Copied from camunda/zeebe#2778:

Problem

It can happen that we miss a command, because of #1044.

In LeaderRole#onCommand we apply the commands and recognize if one is missing.
As an example say we miss a command on position X.
If we see that we missed one we will buffer all other commands which came after the missed position X.
After we collect 1000 commands, on the 1000+1 command we will send a COMMAND_FAILURE as reply back to the RaftSessionInvoker.
The reply will contain also the last successful applied position X-1. The COMMAND_FAILURE signals that the server received events out-of-order.

This will trigger the following:

  • The RaftSessionInvoker will call resubmit(X-1, attempt);, where attempt is the command which got an COMMAND_FAILURE response.
  • In resubmit the operations are retried larger then X-1, this includes X.

The problem with this is the following:
Say we have send 1000+n commands after the missing command, where n is larger then 1.
Then on 1000+1 and all following until 1000+n we get an COMMAND_FAILURE response, this means n COMMAND_FAILURE responses. On each COMMAND_FAILURE responses we will retry
1000+n operations.
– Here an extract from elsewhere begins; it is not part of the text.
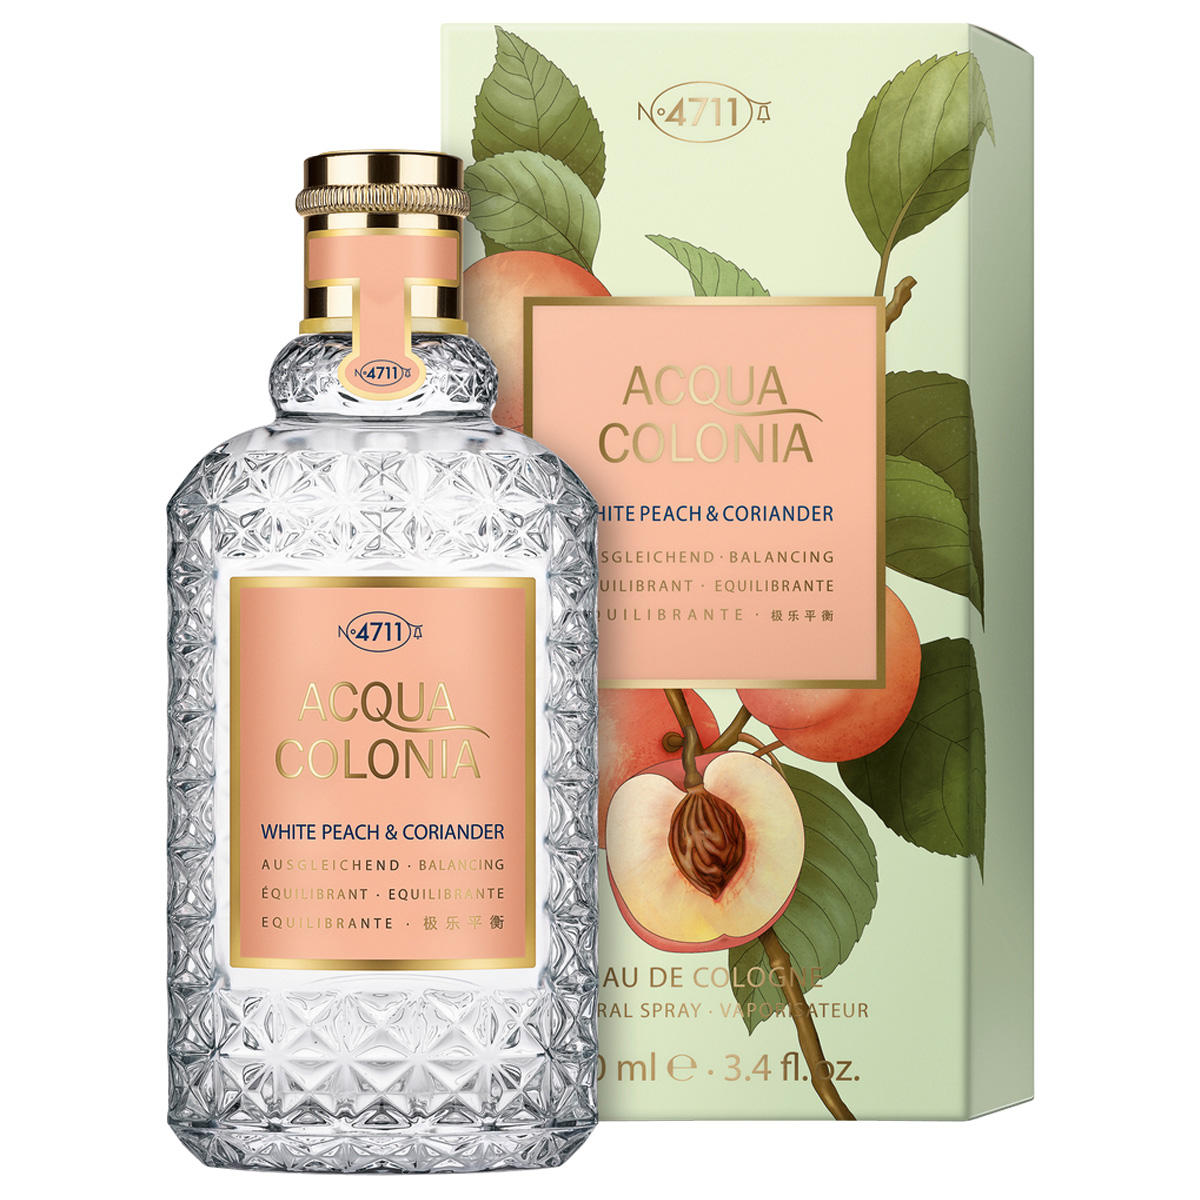 4711 Acqua Colonia White Peach & Coriander Eau de Cologne 100 ml - 2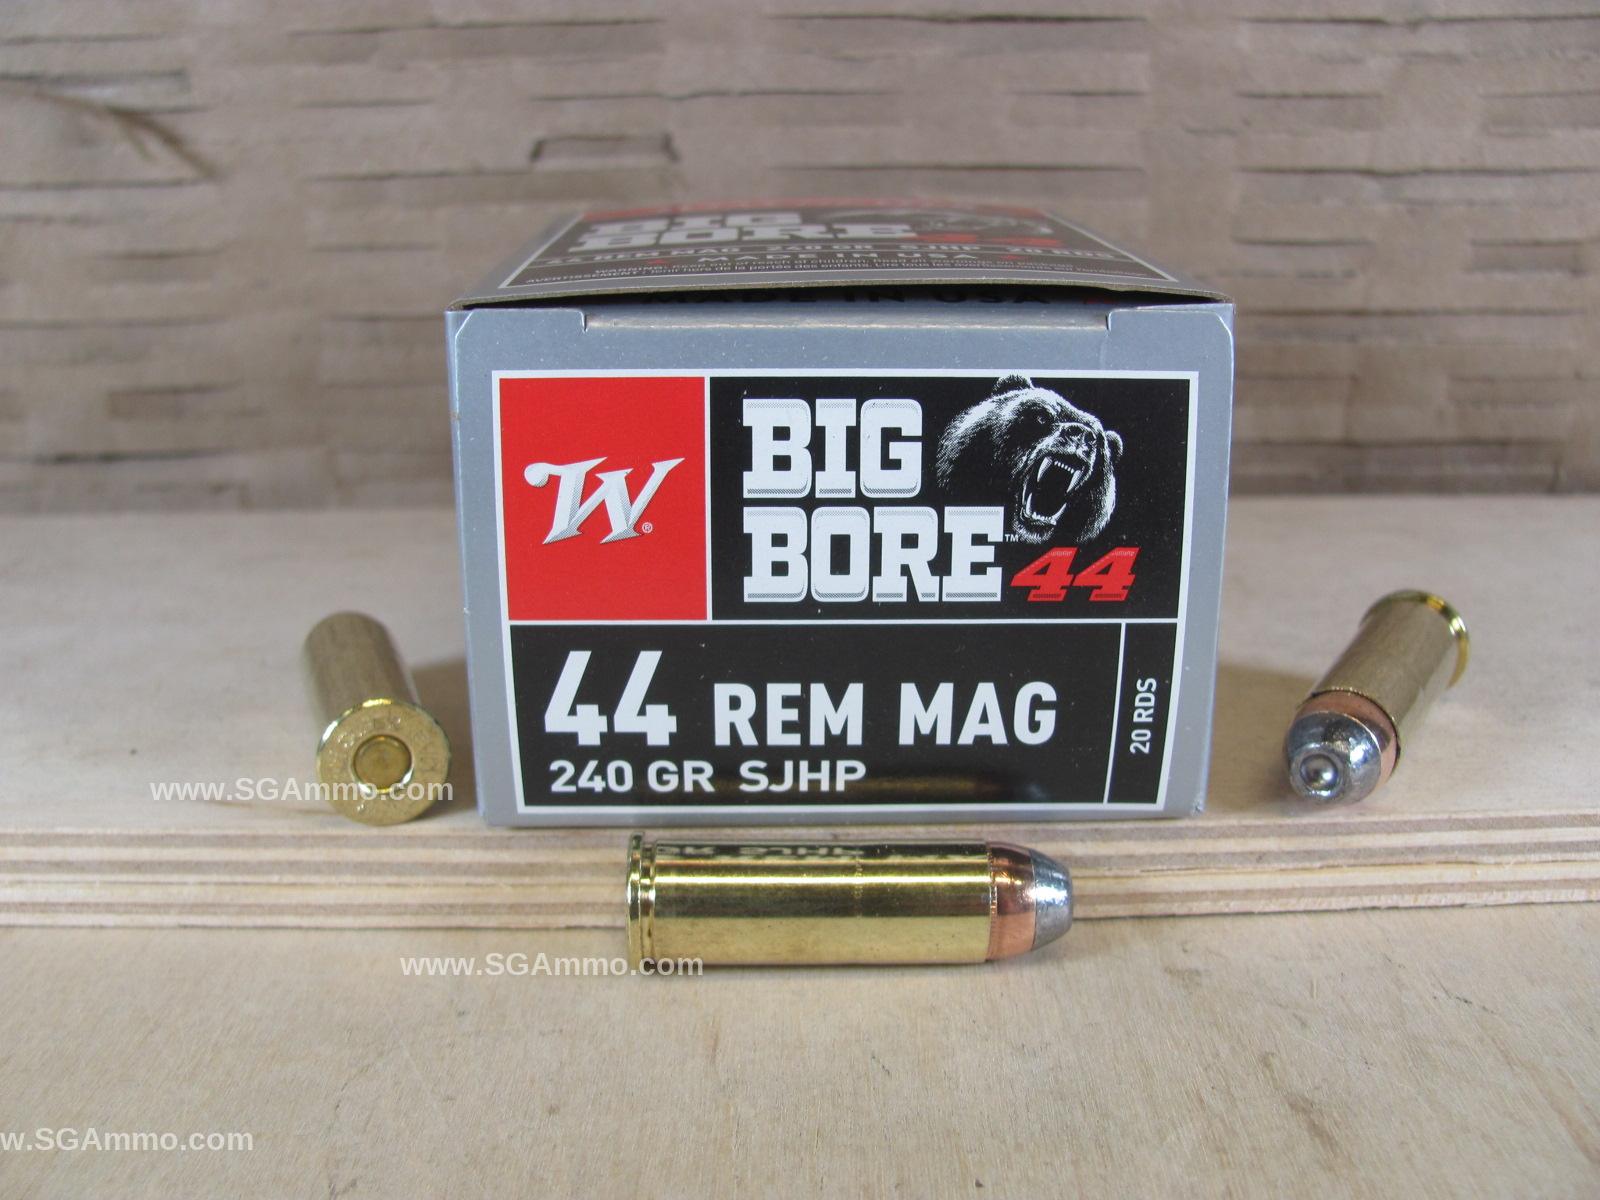 20 Round Box - 44 Remington Magnum 240 Grain SJHP Winchester Big Bore Ammo - X44MBB

This means we will send n * (1000 + n) commands. This can cause a lot of traffic and could end in out of memory.

Fix

The main problem is that OperationAttempt#retry retries the commands asynchronously, which then caused a lot of traffic in the end because we were not able to detect if we already retried this operation or not. It is not necessary to send these commands async, in the RaftSessionInvoker we only have one thread. If we send it directly in resubmit we can check on the next iteration whether the operation was already retried or not.

BTW:

I think it is not necessary to collect 1000 commands before we send the first COMMAND_FAILURE, which means we could send directly the reply since all other commands are resend anyway.